DENVER - What do remote-control garage door openers have to do with
national security? A secretive Air Force facility in Colorado Springs
tested a radio frequency this past week that it would use to
communicate with first responders in the event of a homeland security
threat. But the frequency also controls an estimated 50 million garage
door openers, and hundreds of residents in the area found that theirs
had suddenly stopped working.

They should just give their remotes little tinfoil hats. ;-)

Cheers!
Rich
 
R

Rich Grise

Jan 1, 1970
0
| OK...here is an example of what NOT to do when testing RF equipment.
| So if you were one of the unfortunate souls that had to open your
| garage door manually, be happy it wasn't in the middle of a hail
| storm!!

Why not?

I presume this is all operating as a secondary unlicensed spectrum
user. The garage door company perhaps should have used some other
frequency in the first place.

But I also worry about the fact that this was a small area. While it
may well jam the door radios nearby, would this signal make it to the
intended first responders all over the country?

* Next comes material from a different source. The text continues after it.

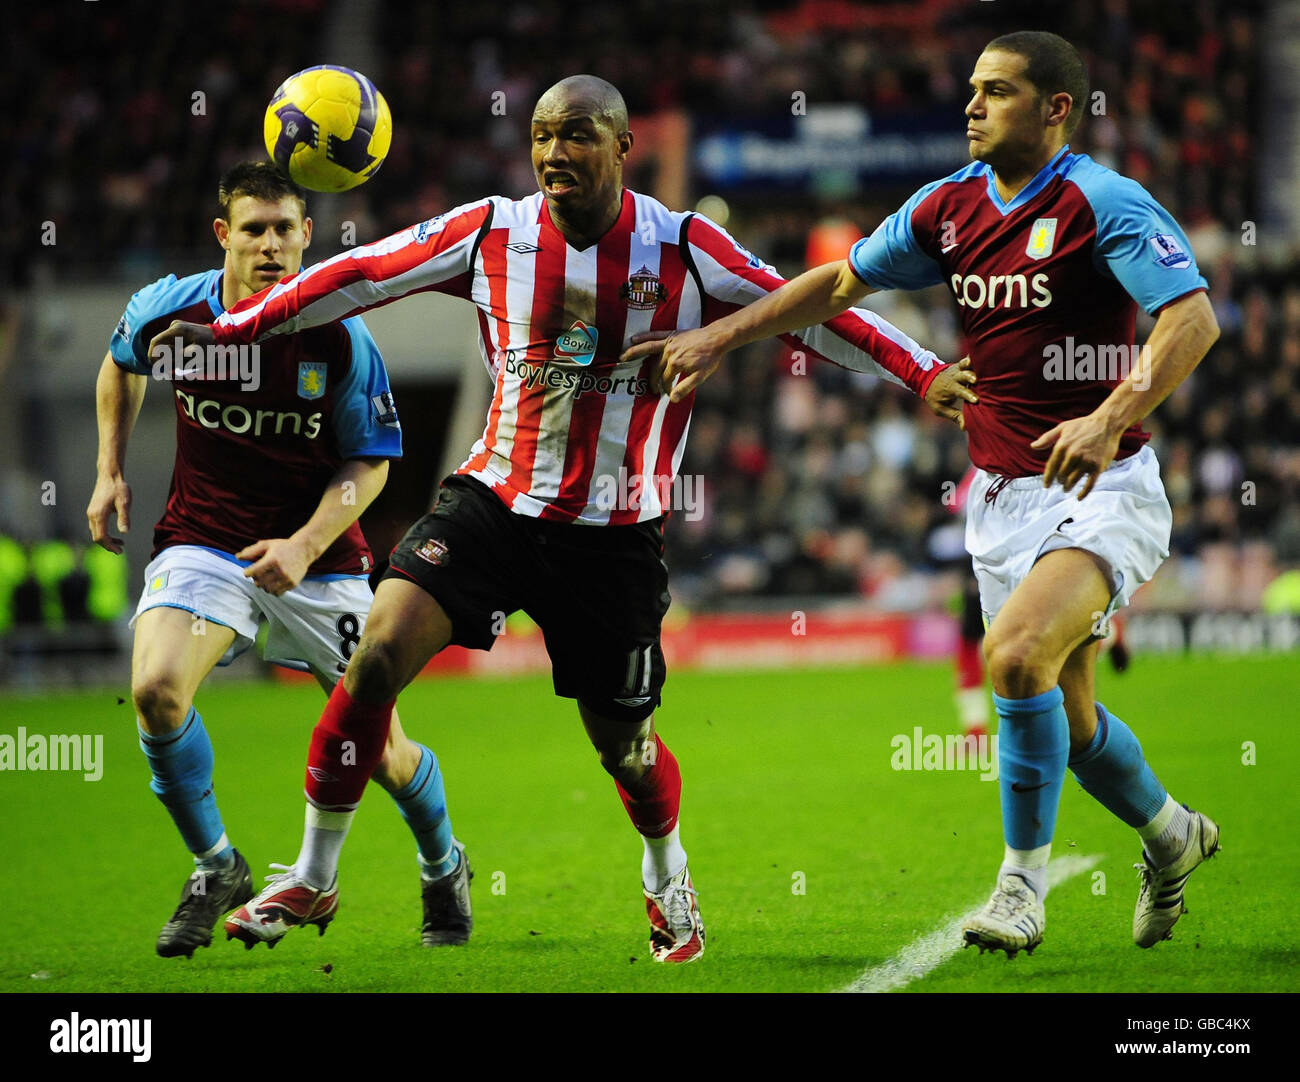 Sunderland's El-Hadji Douf and Aston Villa's James Milner and Luke Young during the Barclays Premier League match at the Stadium of Light, Sunderland. Stock Photo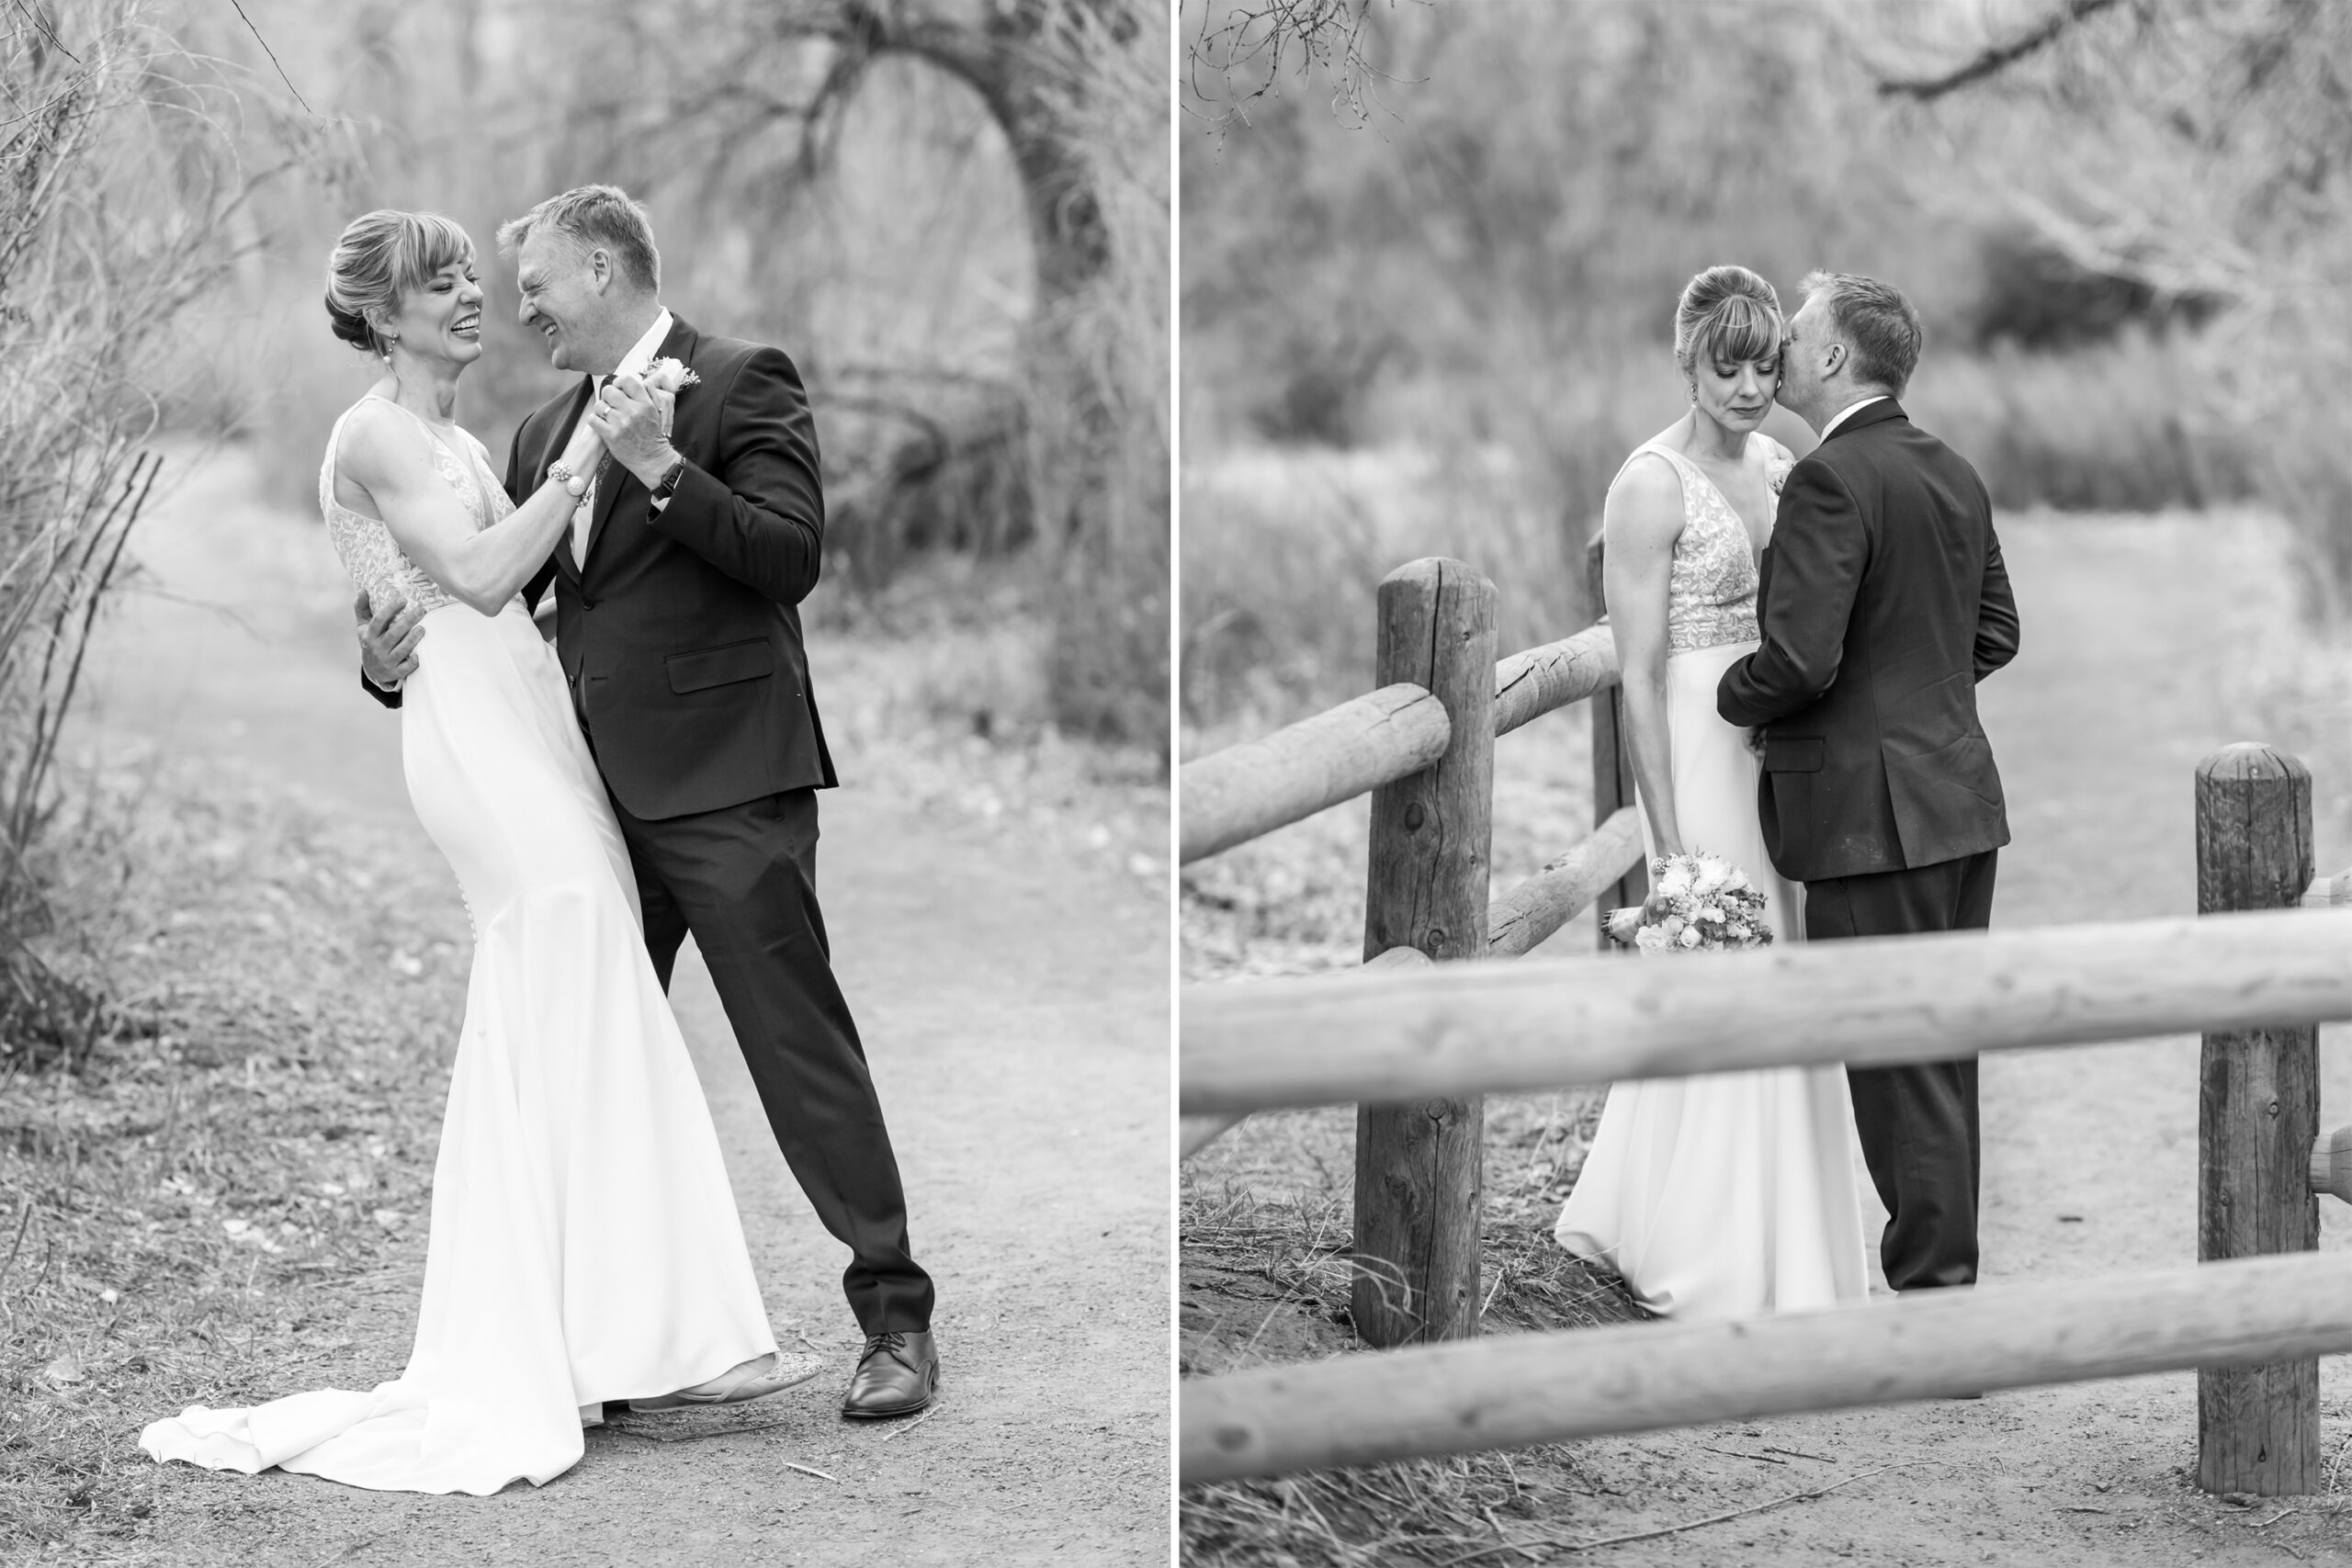 The bride and groom pose for couples photos at Cherry Creek State Park outside of Denver, Colorado.

What does "first responders" mean in this context?

Thanks,
Rich
 
B

Bud--

Jan 1, 1970
0
Joel said:
For the older non-rolling code transmitters (that just transmitted a specific
binary or trinary word each time), I've seen an awful low that were just still
at the factory default settings of all zeroes (or ones or...). Shows you how
much the average person is concerned about security...
Richard Fynman was a physicist on the Manhattan Project and had a known
interest in safes. He was asked to see if he could open a safe - the
person with the combination was not there that day. This may not have
been the Manhattan Project, but IIRC the safe was to protect classified
information. He tried the default combination those safes were shipped
with and it worked.
 
V

VWWall

Jan 1, 1970
0
Bud-- said:
Richard Fynman was a physicist on the Manhattan Project and had a known
interest in safes. He was asked to see if he could open a safe - the
person with the combination was not there that day. This may not have
been the Manhattan Project, but IIRC the safe was to protect classified
information. He tried the default combination those safes were shipped
with and it worked.

When I was in the Army, years ago in North Africa, I once had to open a
safe used for crypto equipment, after the owner had been transferred.
The first thing I tried was his birthdate. It worked!

Many hackers get computer access by using "password" as the password.
 
L

legg

Jan 1, 1970
0
ITU has only allocated subauthority, it is WARC that makes the big
decisions.

Hmmm.

It's now the WRC; World Radiocommunication Conference.